Recentemente, o colégio de TCs brasileiros esteve reunido no Rio Grande do Sul, para a realização do 23º Congresso dos Tribunais de Contas. O tema discutido foram, justamente, as relações dos Tribunais de Contas com a sociedade civil. Importante dizer que durante o encontro foi noticiada a assinatura de convênio, pelo qual o Banco Interamericano do Desenvolvimento (BID) aplicará recursos financeiros no Programa de Modernização dos Sistemas de Controle Externo, denominado Promoex.
Isso mostra a preocupação daquela instituição financeira com o desempenho das atividades dos órgãos de controle das administrações públicas que, no fundo, refletem a mesma preocupação do cidadão comum que paga impostos. Todos queremos ver bem aplicados os recursos que deixamos nos cofres públicos. O desperdício desses valores é um desrespeito ao cidadão contribuinte que pagou regularmente seu imposto. Esse imposto, depois de pago, foge do controle da fiscalização do contribuinte. Por isso, cada vez mais me convenço de que, entre as tarefas do Tribunal de Contas, assume sempre maior importância a de educar e prevenir.
A educação começa com nossas crianças. Precisamos ensinar nossos cidadãos a serem, desde pequenos, fiscais da atuação do estado. Prevenir significa também orientar. À fiscalização deve somar-se a orientação. O gestor público bem orientado e consciente cometerá menos enganos e cuidará melhor do patrimônio comum. Dentro desse espírito certamente será possível aperfeiçoar os orçamentos públicos e melhorar o uso de nossas riquezas. Devemos aprender a gastar bem.

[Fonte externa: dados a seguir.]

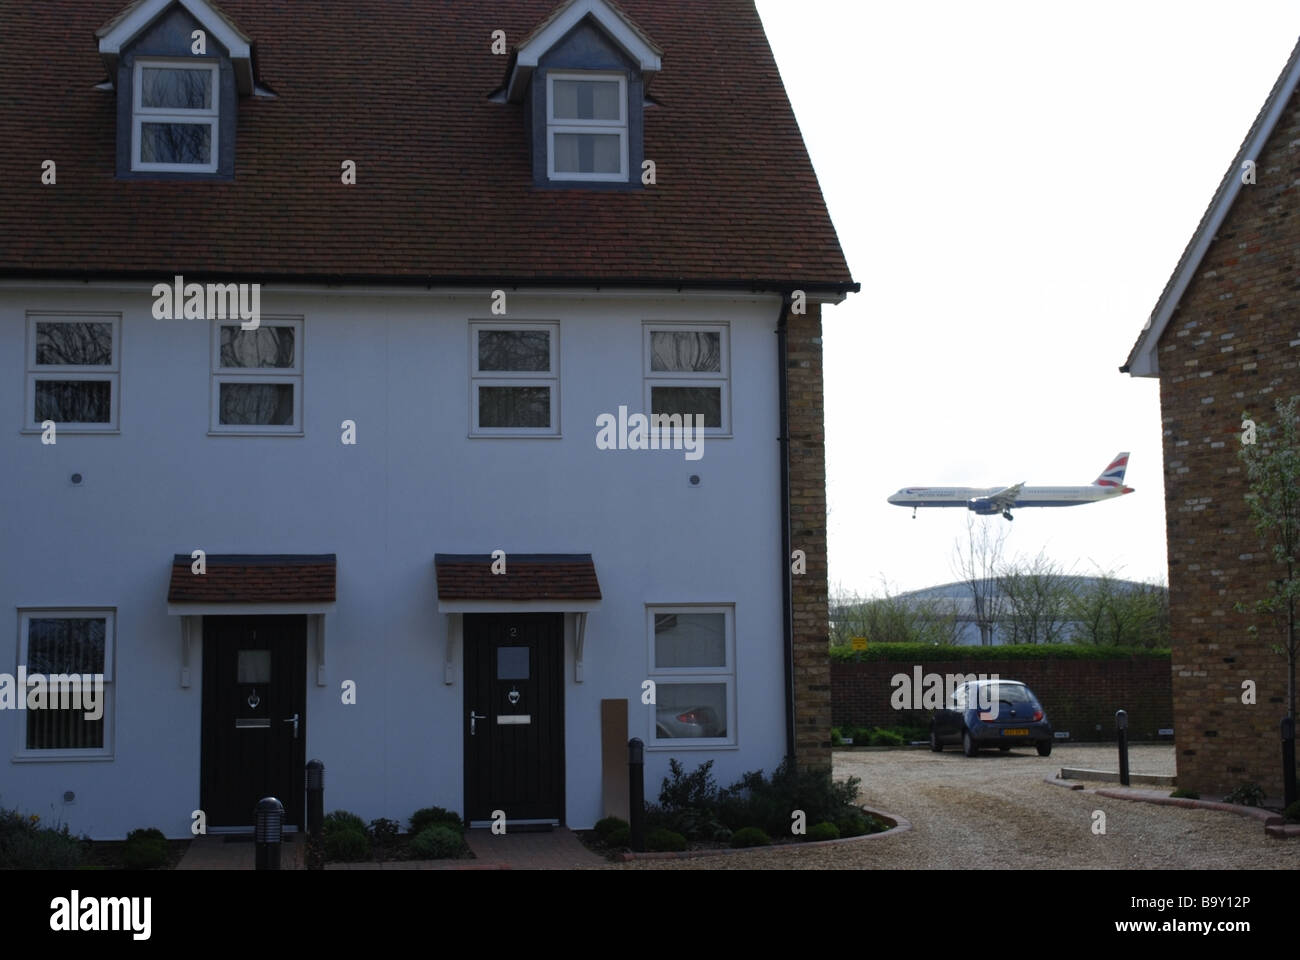 Airplane landing at Heathrow Airport Stock Photo

O Tribunal de Contas de Santa Catarina foi criado em 4 de novembro de 1955, quando foi sancionada, pelo então governador Irineu Bornhausen, a Lei Estadual nº 1.366. Começou suas atividades com 30 funcionários. Hoje, o TC de Santa Catarina, encarregado de apreciar as contas prestadas anualmente pelo governador do estado e pelos prefeitos, e de julgar as contas dos administradores e demais responsáveis por dinheiros, bens e valores da administração direta e indireta, fundações e fundos, em cerca de 1.800 unidades administrativas, tem em seus quadros 423 servidores ativos. Entre suas competências constitucionais estão, ainda, apreciar a legalidade dos atos de pessoal, admissão, aposentadoria, reformas, nomeações; responder as consultas que lhe são formuladas; proceder às auditorias de diligências decorrentes de denúncias e representações.
Neste mês de novembro, portanto, a corte de contas de Santa Catarina inicia as solenidades de comemoração de seu qüinquagésimo aniversário consciente de sua responsabilidade como órgão incumbido de controlar os gastos públicos, sobretudo perante a sociedade, da qual espera e precisa engajamento e apoio para fins de cumprir, mais eficazmente, sua missão.
Otávio Gilson dos Santos, presidente do Tribunal de Contas do Estado de Santa Catarina (TCE/SC)"[sic]
Sr. Presidente, vou iniciar agora uma discussão a respeito das Centrais Elétricas do Estado de Santa Catarina - Celesc. É sabido por todos que a Celesc tem que se adequar à legislação nacional. Podemos divergir, e divergimos, é claro, do processo e do modelo estabelecidos para o setor elétrico neste país. Mas a legislação aí está, e a Celesc não tem como agir de forma negligente, esperando ser penalizada pelo agente regulador com pesadas multas. Ela precisa adequar-se.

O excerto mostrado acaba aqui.